Crop characterization and determination of the minimum water requirement for agricultural irrigation

  • (Earth Science - Biospheric Science)

This project explores an inverse modeling methodology using a biophysical model forced by observed satellite and climate data to quantify the irrigation water demand in semi-arid areas. We constrain the carbon and water cycles modeled under both equilibrium, balance between vegetation density and prevailing local climate, and non-equilibrium, water added through irrigation, conditions. We postulate that the degree to which irrigated dry lands vary from equilibrium climate conditions is related to the amount of irrigation water used. The amount of water required over and above precipitation, if any, is considered as the minimum physiological water requirement.

The method estimates both the minimum physiological amount of water required to sustain unstressed photosynthetic production for crops and the total water used for irrigation including agricultural efficiencies and losses.

To calibrate and validate the approach, we need physiological parameters to characterize the different (major) crops.

The student will work with the mentor to do literature search and web search for such parameters and in present them in a table form assimilable by the model.  The student will also be involved in the comparison of the model results with observations.

The position requires skill in web research [basically Google] and a lot of organization.
The student is expected to develop a multi-dimensional table containing information about the geographic region, the crop type, the crop seeding and harvesting period s and other parameters characterizing the crop.
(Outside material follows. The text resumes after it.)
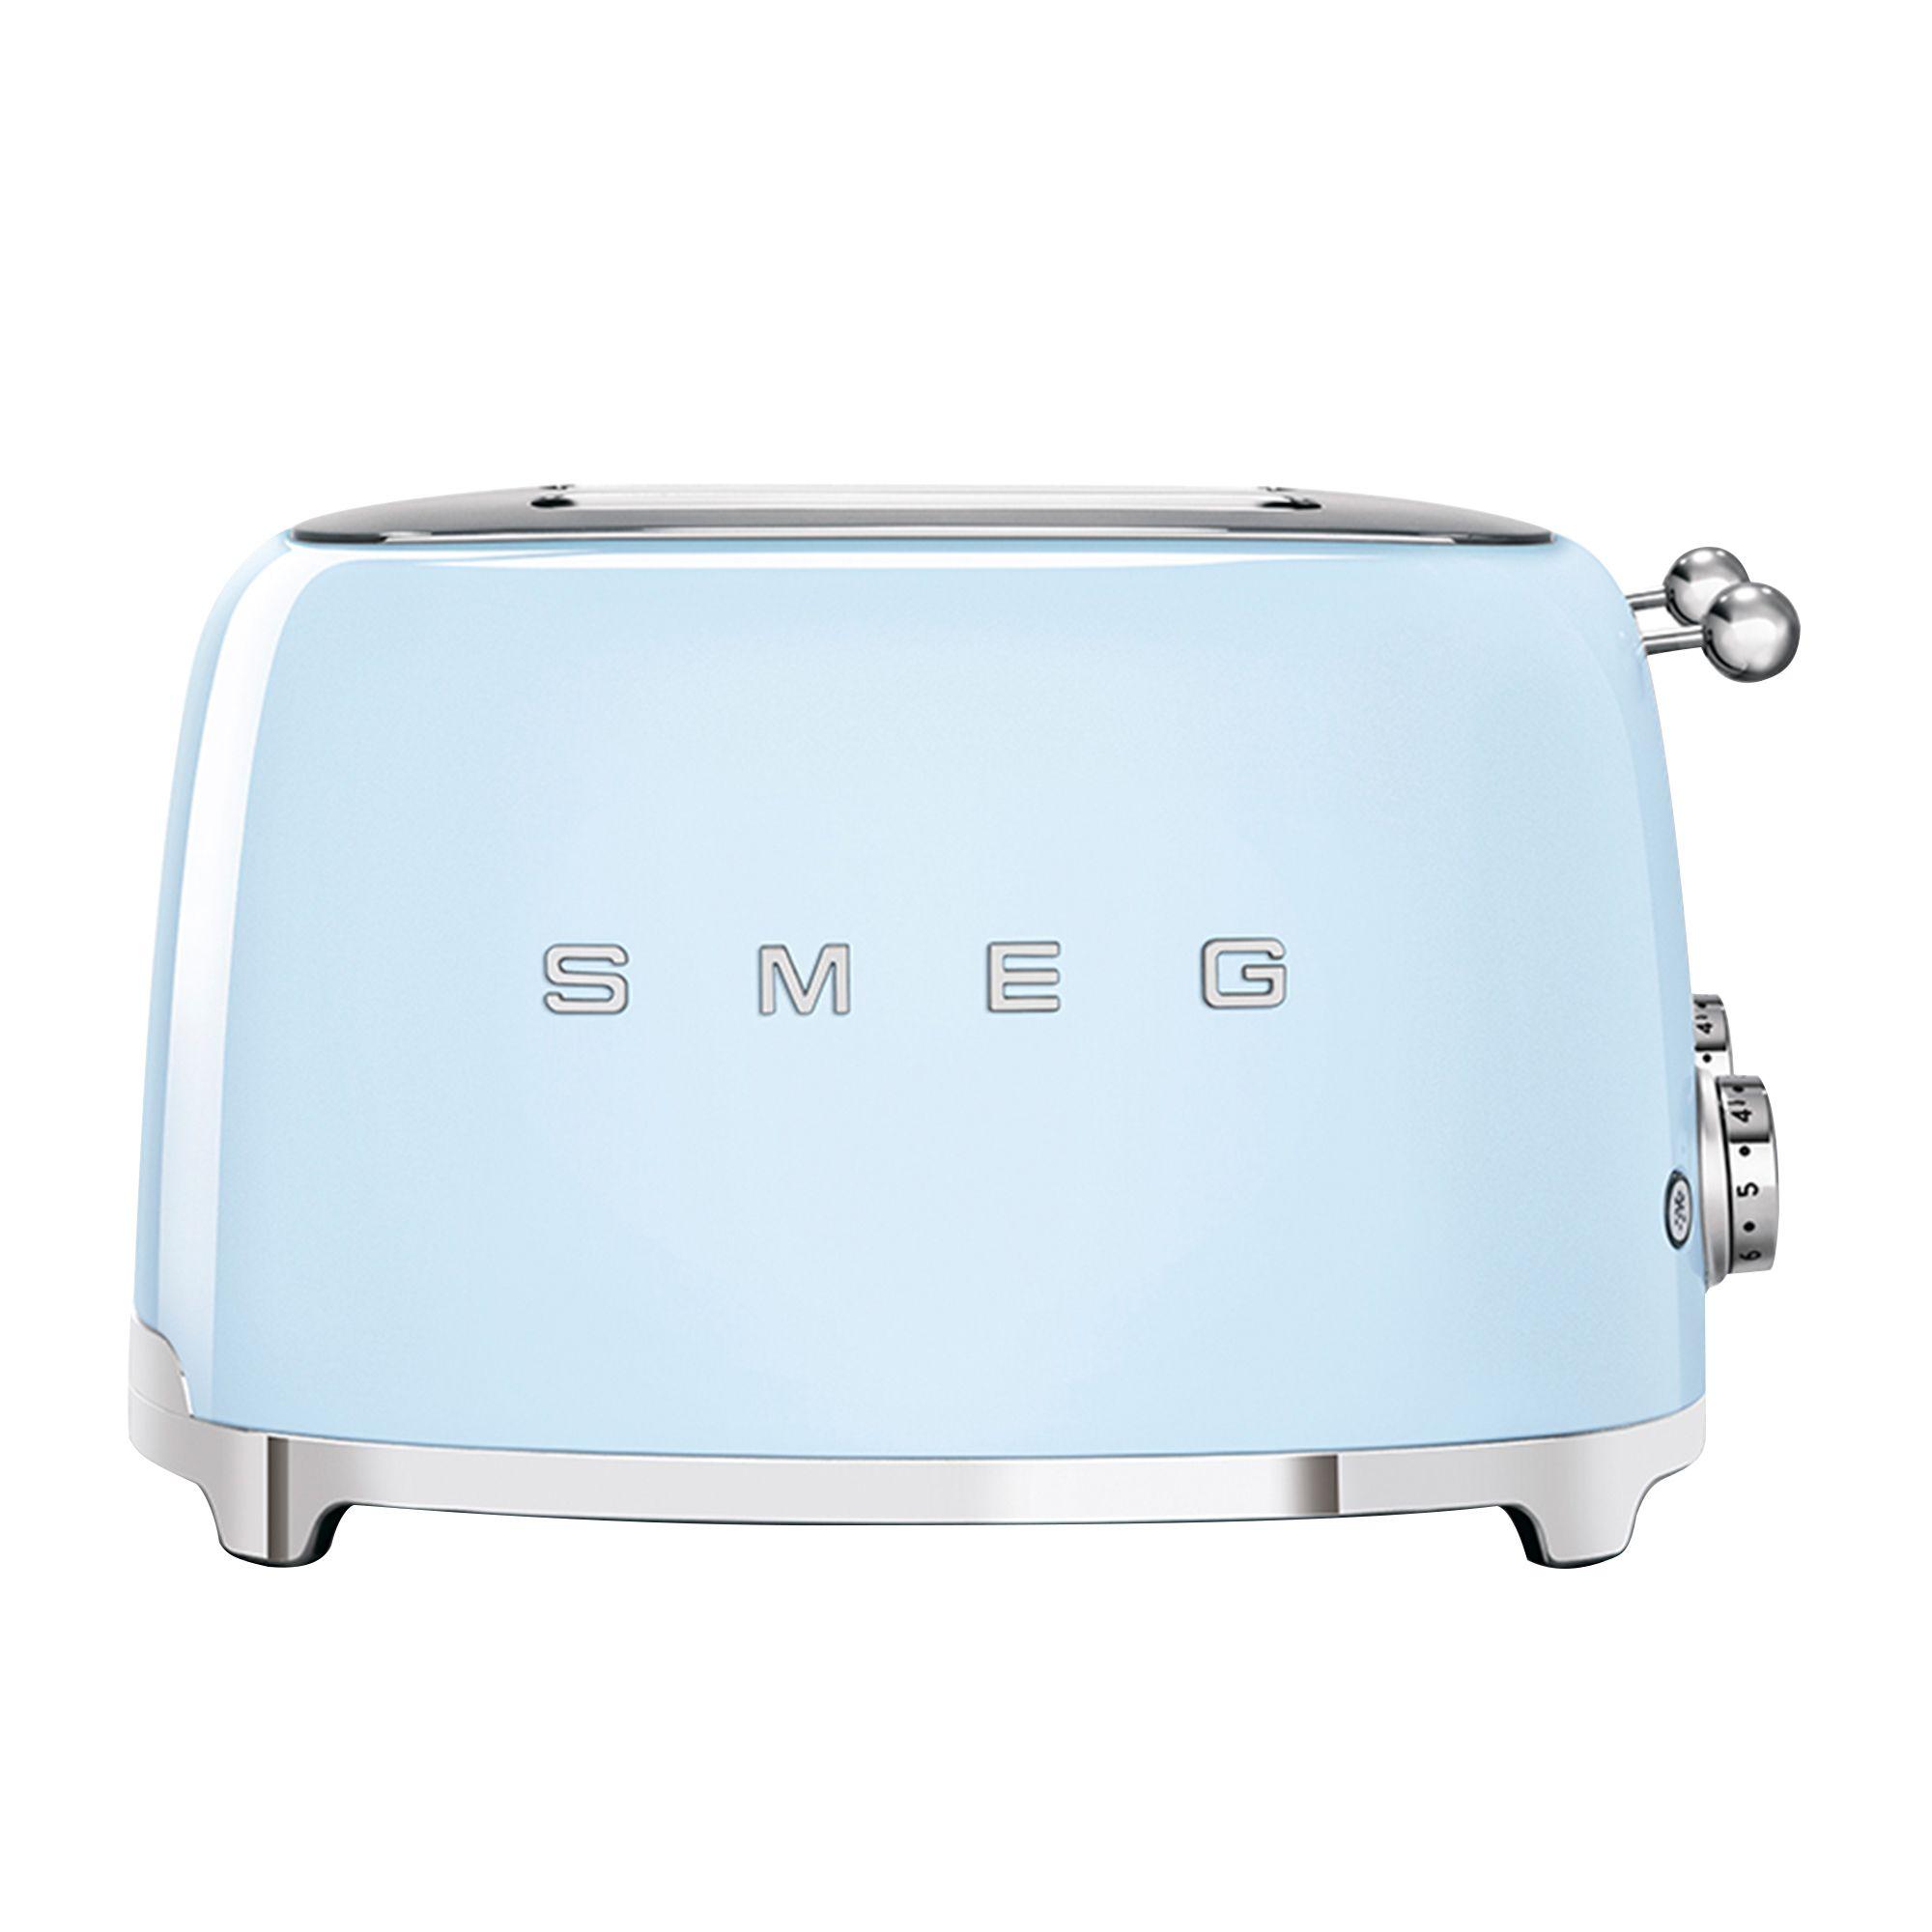 Smeg 50's Retro Style 4 Slot Toaster Pastel Blue Image 4

The student will also develop and present a poster describing his/her work at the end of the internship program.

2012-01-31 13:06:24

Astrophysics flight mission concept development

  • (Engineering - Aerospace-Flight Dynamics)
  • (Space Science (Astronomy) - Astrophysics-Gravitational Wave Astrophysics and Black Hole Theory)
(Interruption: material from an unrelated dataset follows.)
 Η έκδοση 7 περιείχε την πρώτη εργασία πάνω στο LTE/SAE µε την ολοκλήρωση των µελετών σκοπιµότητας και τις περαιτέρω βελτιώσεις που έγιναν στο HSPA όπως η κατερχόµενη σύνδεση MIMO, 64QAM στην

The mentor, Steve Leete, is a mission systems engineering supporting the Astrophysics Project Division of NASA Goddard, working primarily on studies of (1) Gravitational Wave measurements from space, (2) an infrared spectrometer to measure distant galaxies from a cryogenic observatory built by Japan, and (3) various options at the Hubble Space Telescope's end of mission. Depending on the work at hand and the student's interest, the project would consist of a portion of one of these three efforts.

Gravitational wave measurement involves making exquisitely precise measurement of the distance between two or more satellites which are very far apart, and the more physics the student has studied, the better. The spectrometer involves a type of exotic device called an adiabatic demagnetization refrigerator (ADR), a difraction grating to spread out the light frequencies, and super-cold (40 mK) detectors to measure the light. Again, lots of physics and special areas of engineering. The HST end of mission involves designing spacecraft to autonomously rendezvous and either grapple or dock to the telescope, and fire rockets to either move it to a higher orbit or de-orbit it. This is more of an aerospace engineering design study.
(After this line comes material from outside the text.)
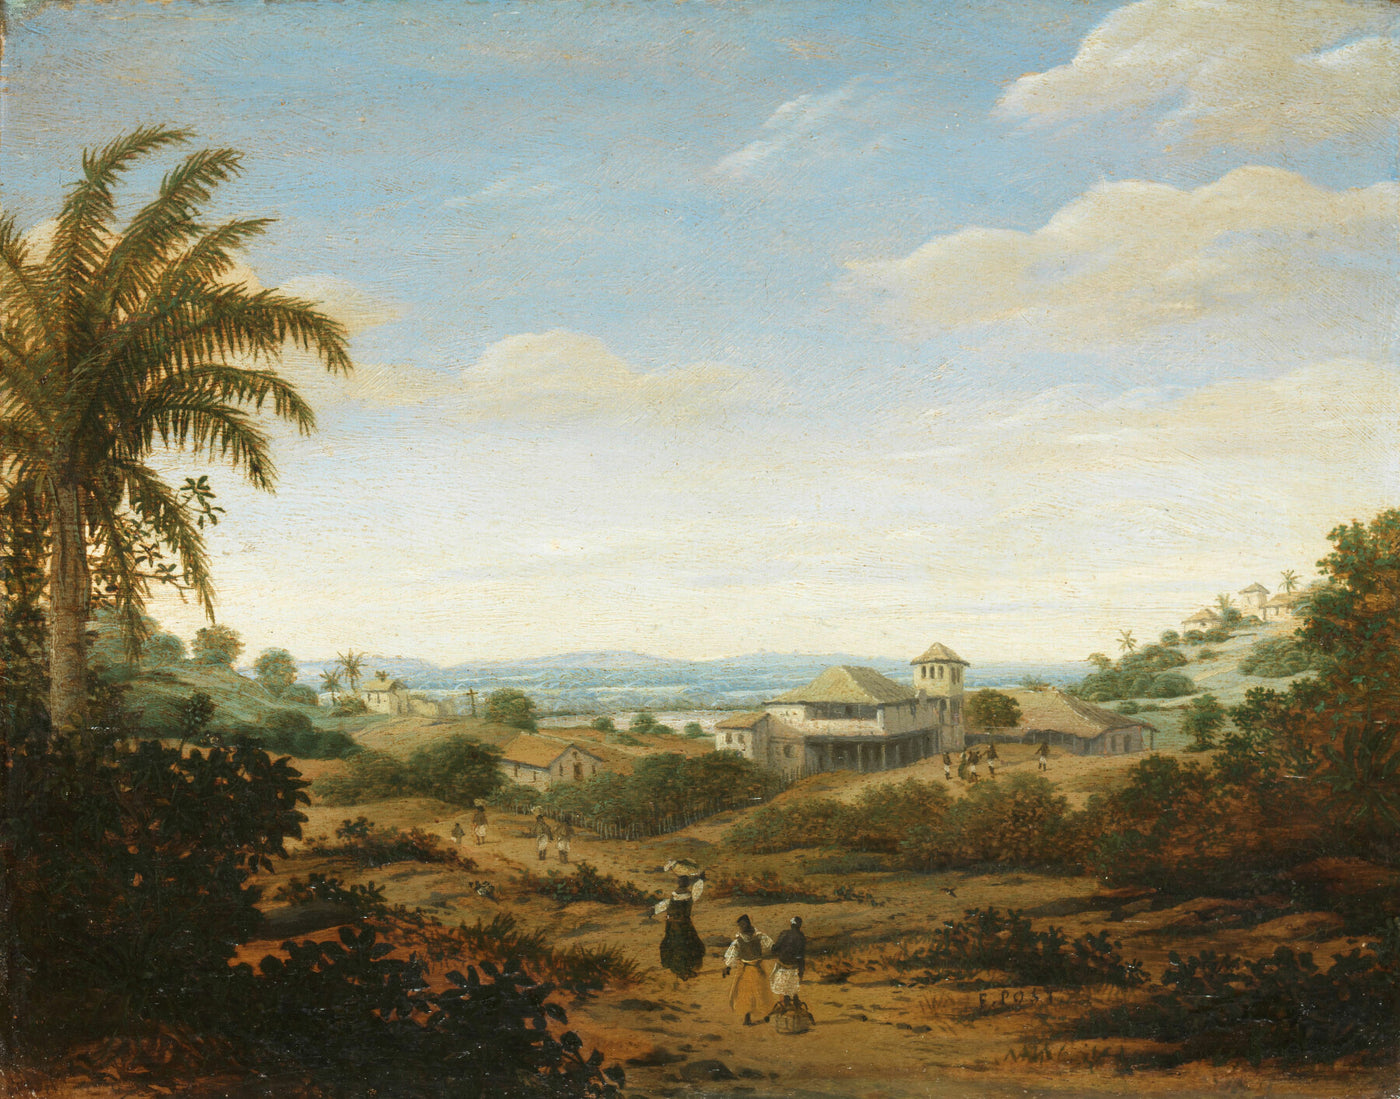 Landschaft am Fluss Senhor de Engenho, Brasilien, Frans Jansz. Post, 1670 - 1680

There is a possibility that a proposal will win for Goddard to build a vegetation lidar instrument to go on the ISS, in which case the mentor will switch jobs and be doing that instead. So, the student should be flexible and prepared, to instead of working on astrophysics concept studies, to work on an Earth science flight project, with details to be determined.

2012-01-31 13:11:22

Analysis and Interpretation of CIRS data

  • (Space Science (Astronomy) - Planetary Science-Comparative Planetology)
  • (Space Science (Astronomy) - Planetary Science-Geodynamics)

The Cassini spacecraft, orbiting Saturn, has been returning data about its icy satellites.  One instrument in particular the Composite Infrared Spectrometer (CIRS) observes these targets in the infrared spectral region.  This data provides among other things the temperature of the surfaces of the icy satellites.  Interpretation of this data allows us to study the thermal properties of a target’s surface.